**DATASET EXTRACT:**
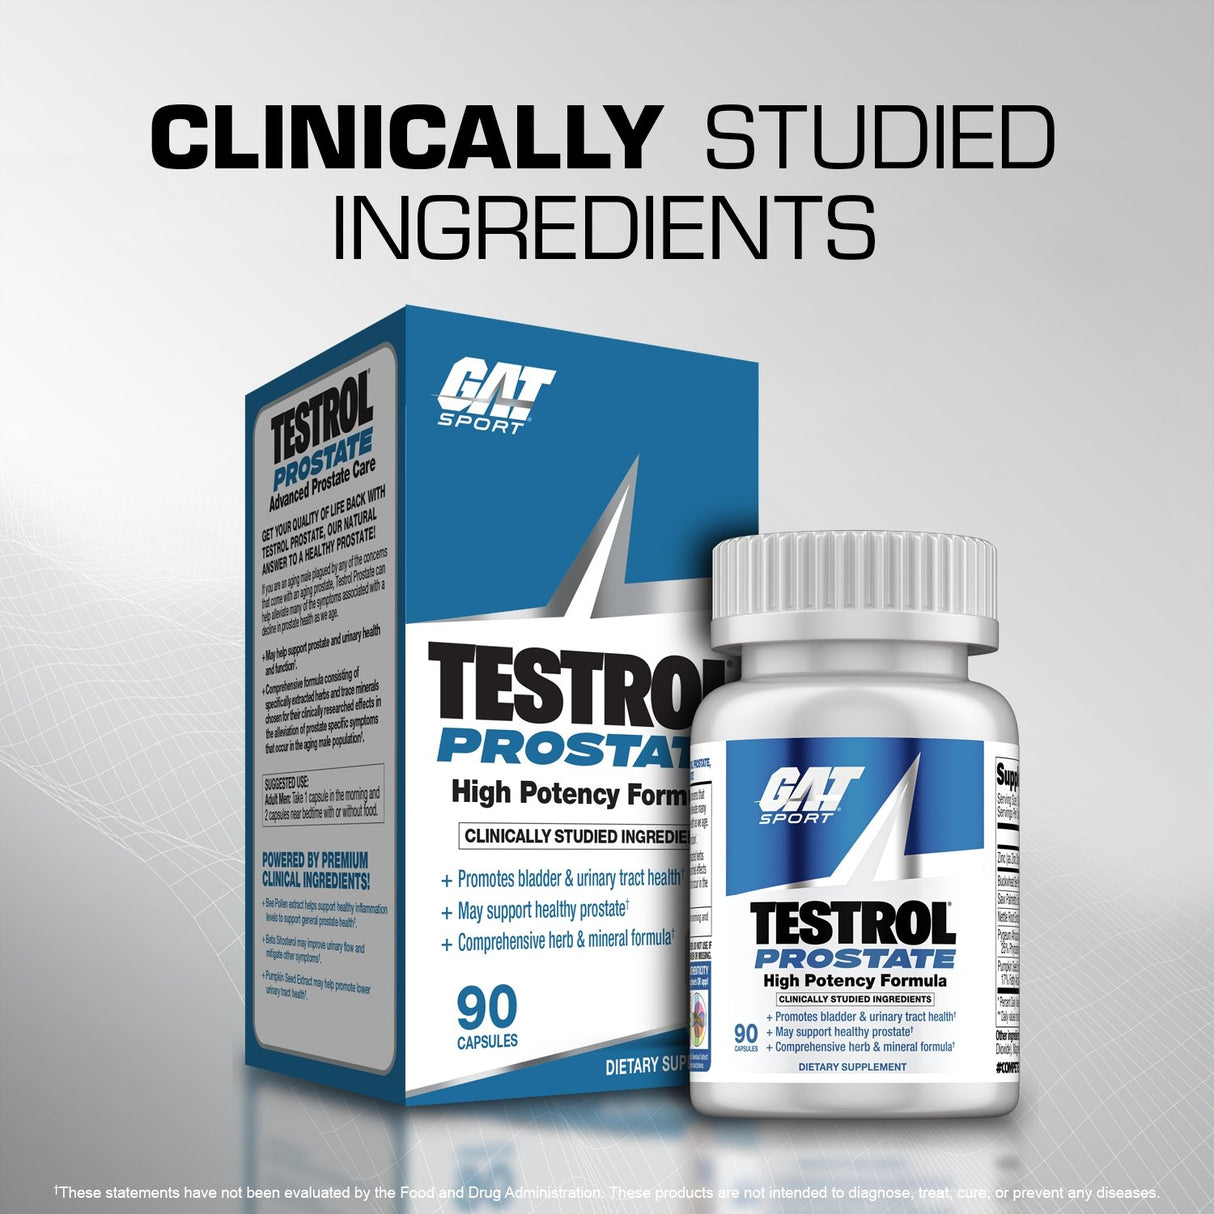 GAT SPORT Testrol Prostate - clinically studied ingredients
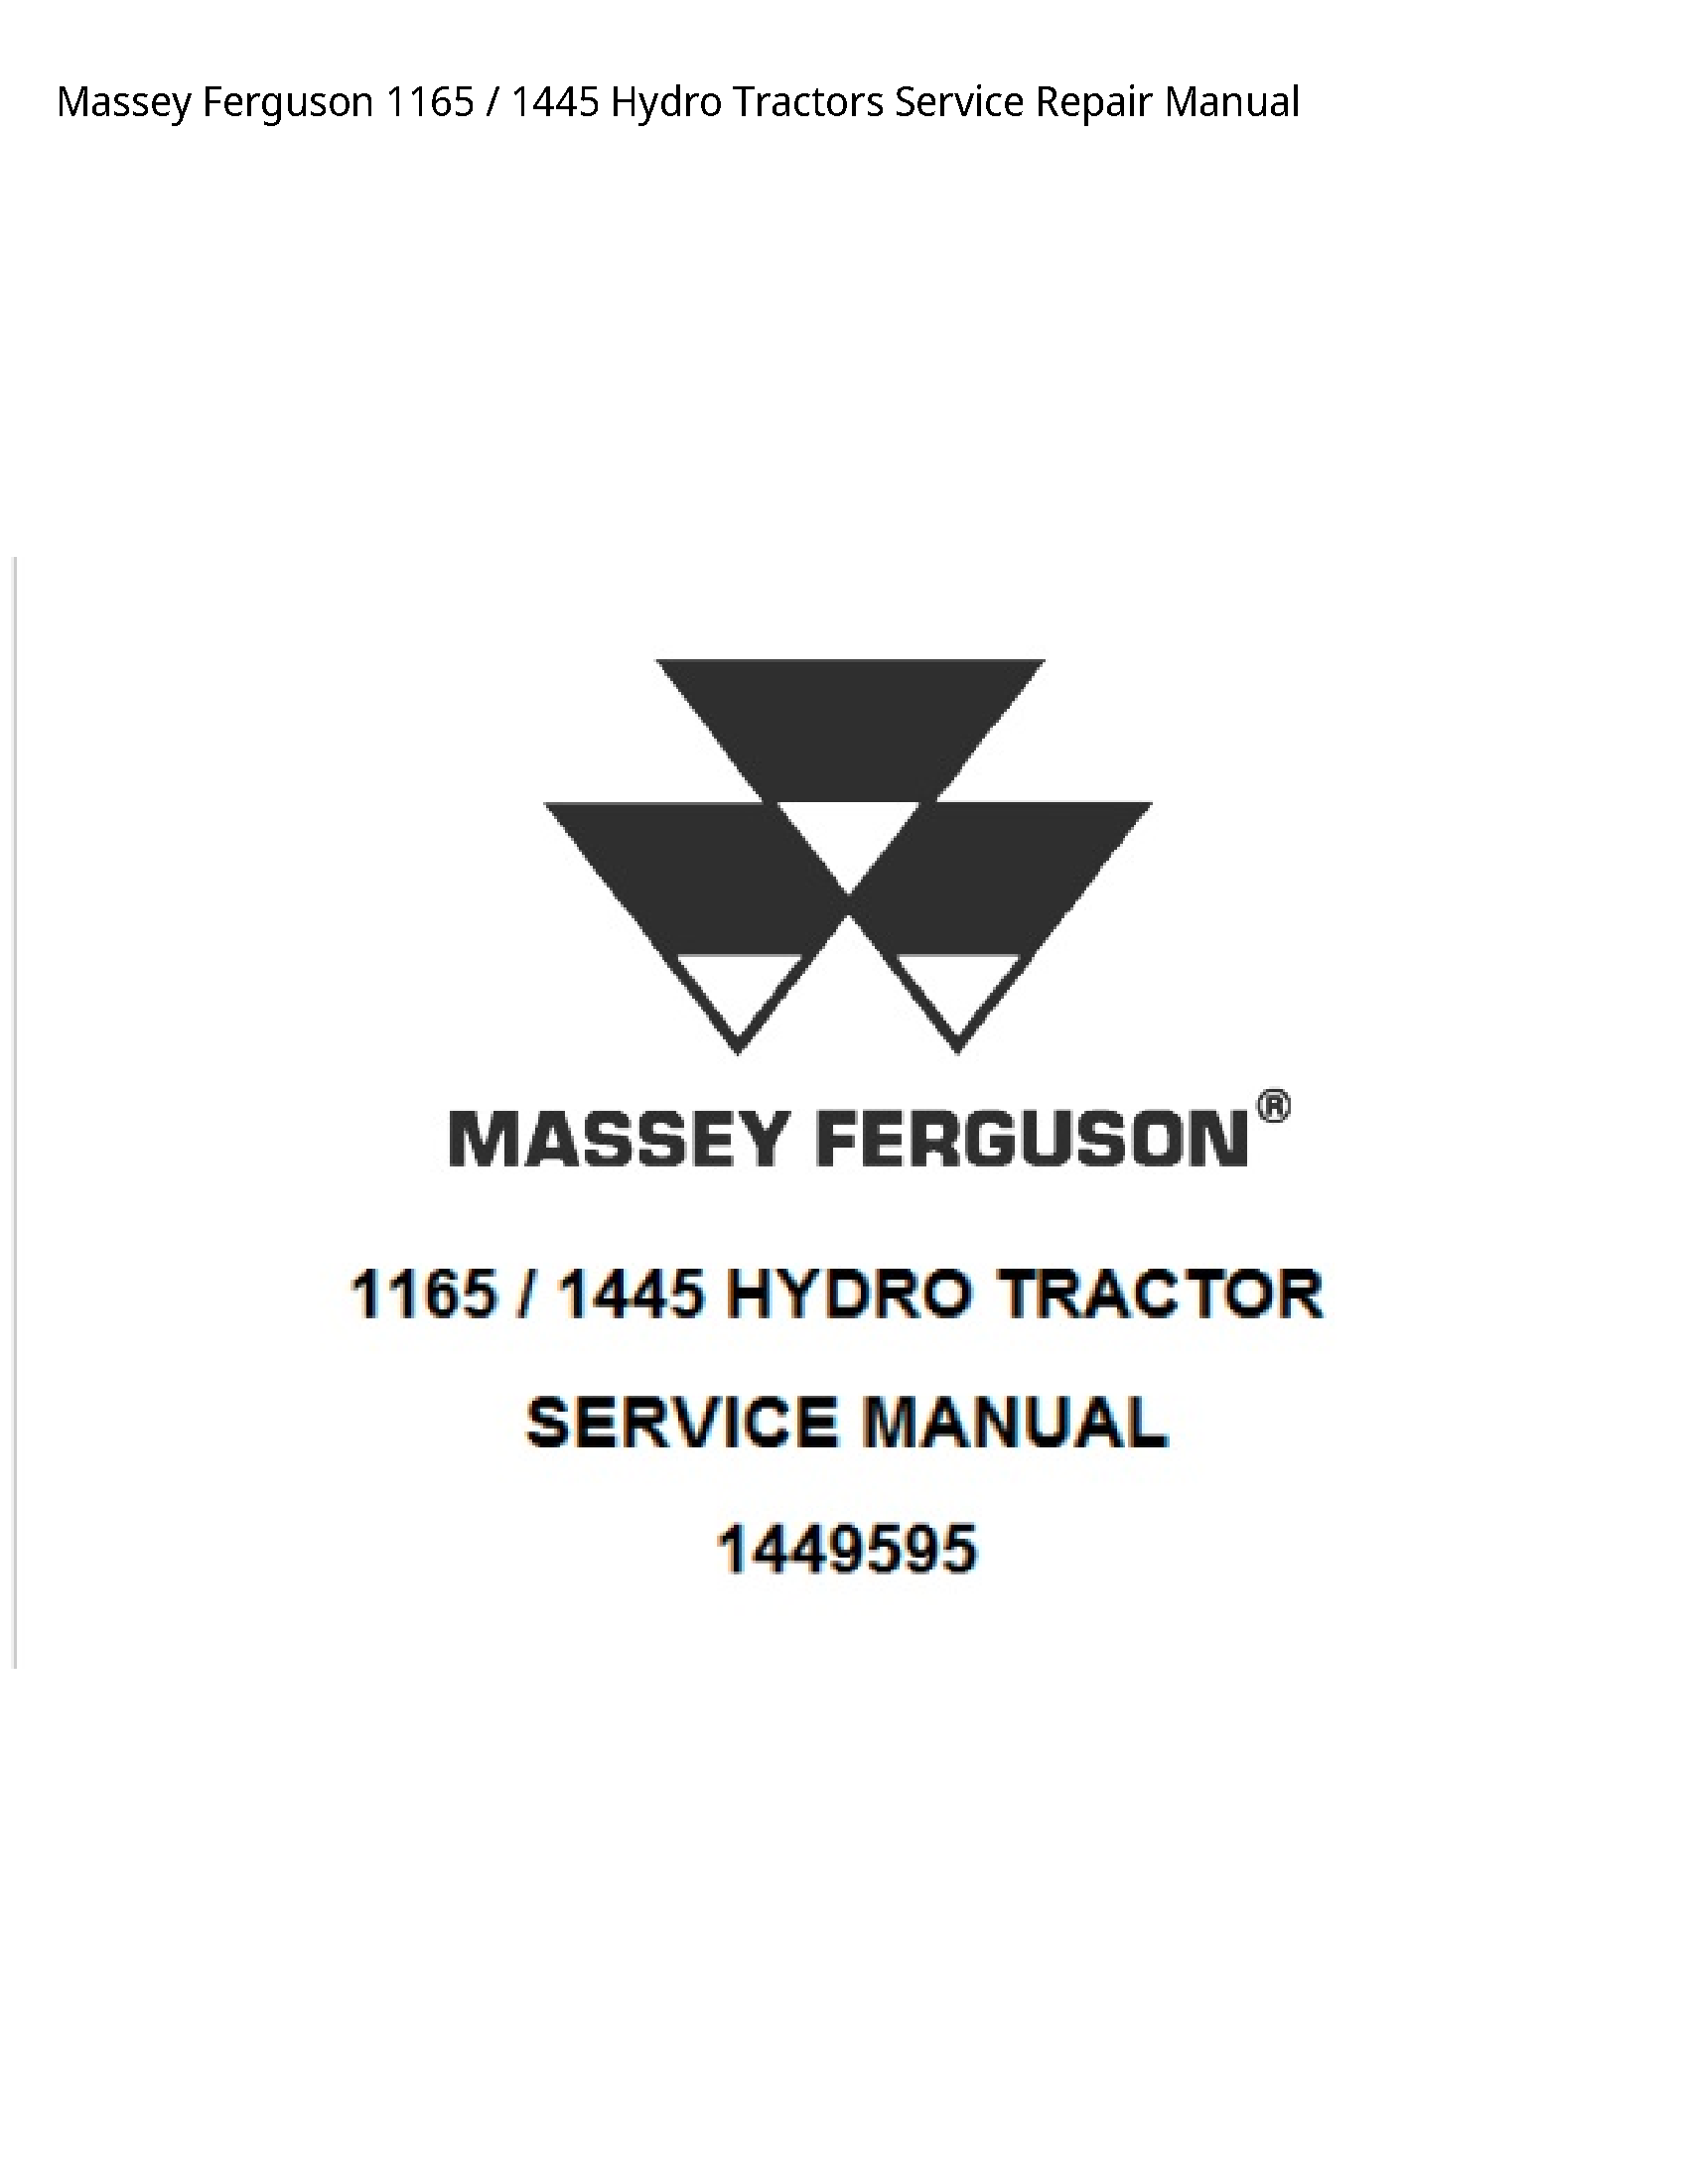 Massey Ferguson 1165 Hydro Tractors manual
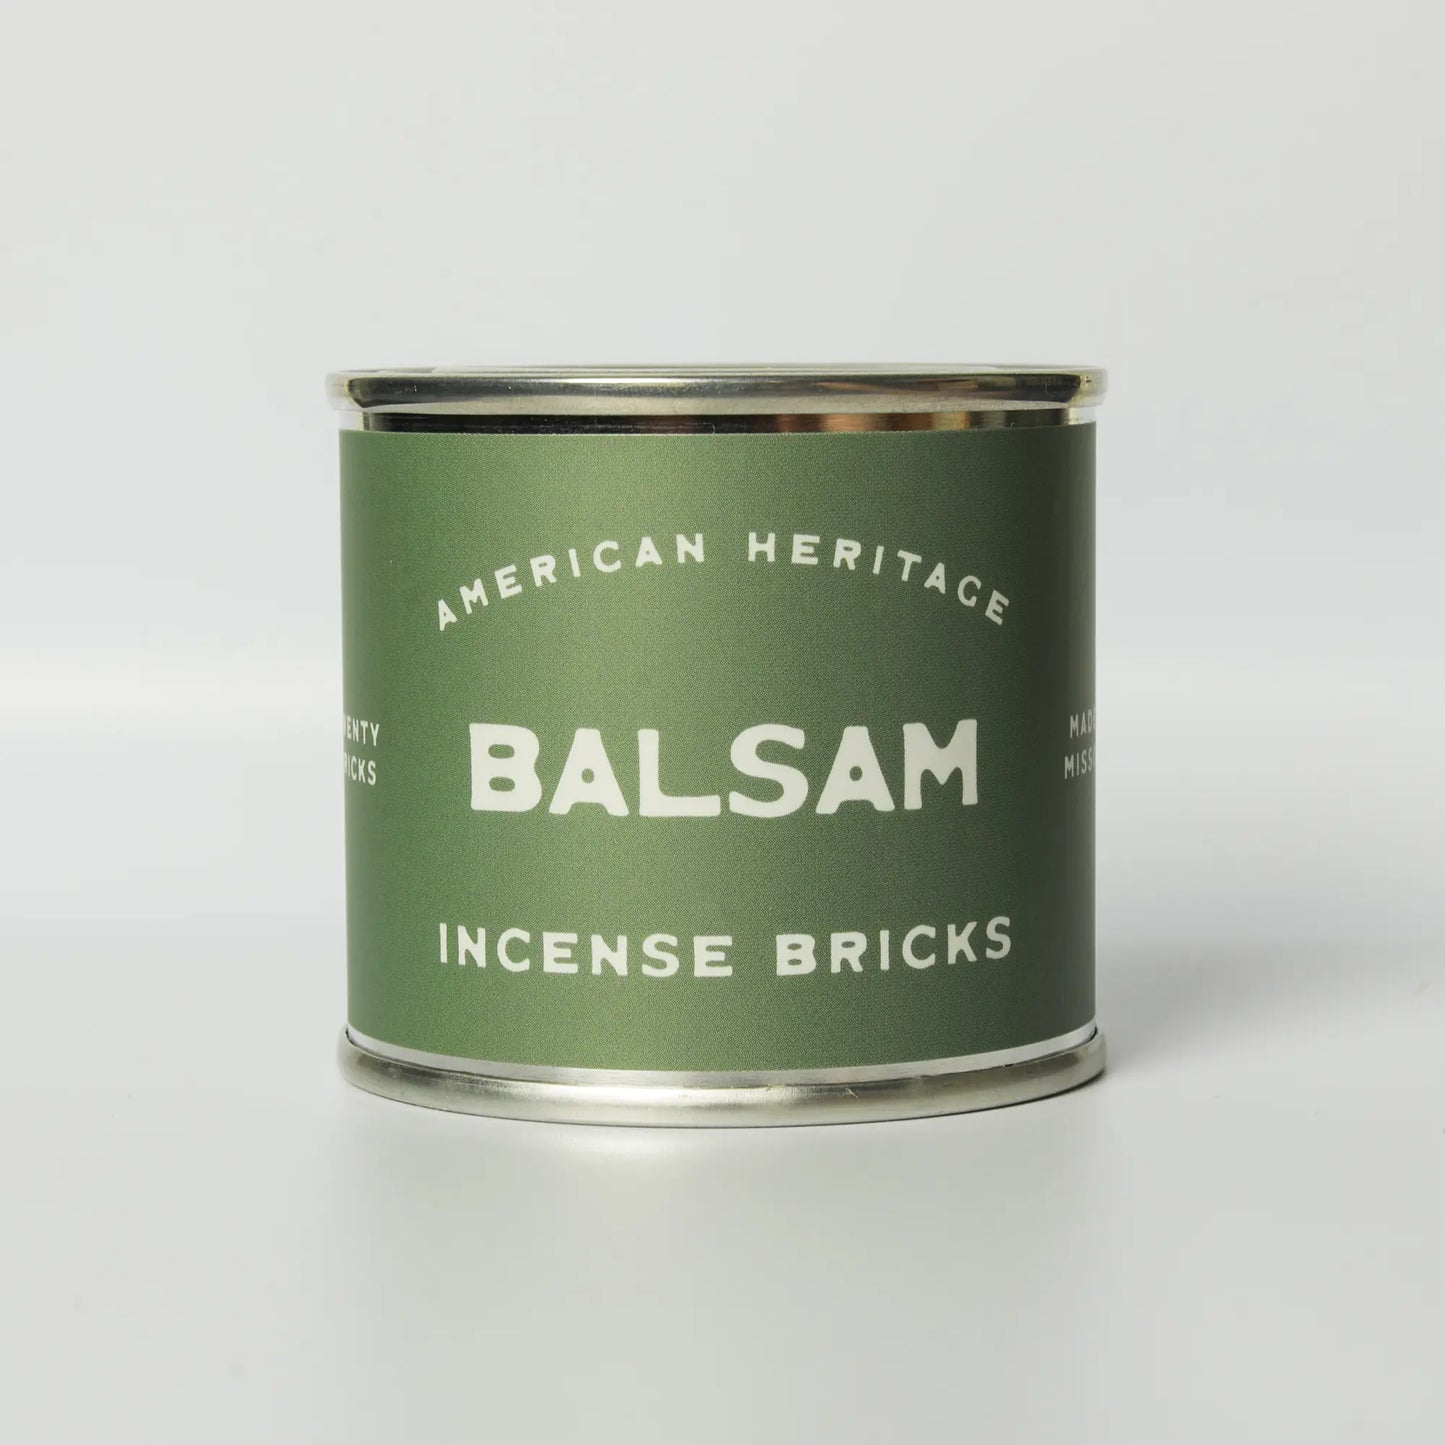 SALE - Incense Bricks - Balsam

**GOAL OF THE EXERCISE:** Give the listing again exactly, but omit each image.

**RESULT OF THIS TASK:**
 GAT SPORT Testrol Prostate - clinically studied ingredients
 Massey Ferguson 1165 Hydro Tractors manual
 SALE - Incense Bricks - Balsam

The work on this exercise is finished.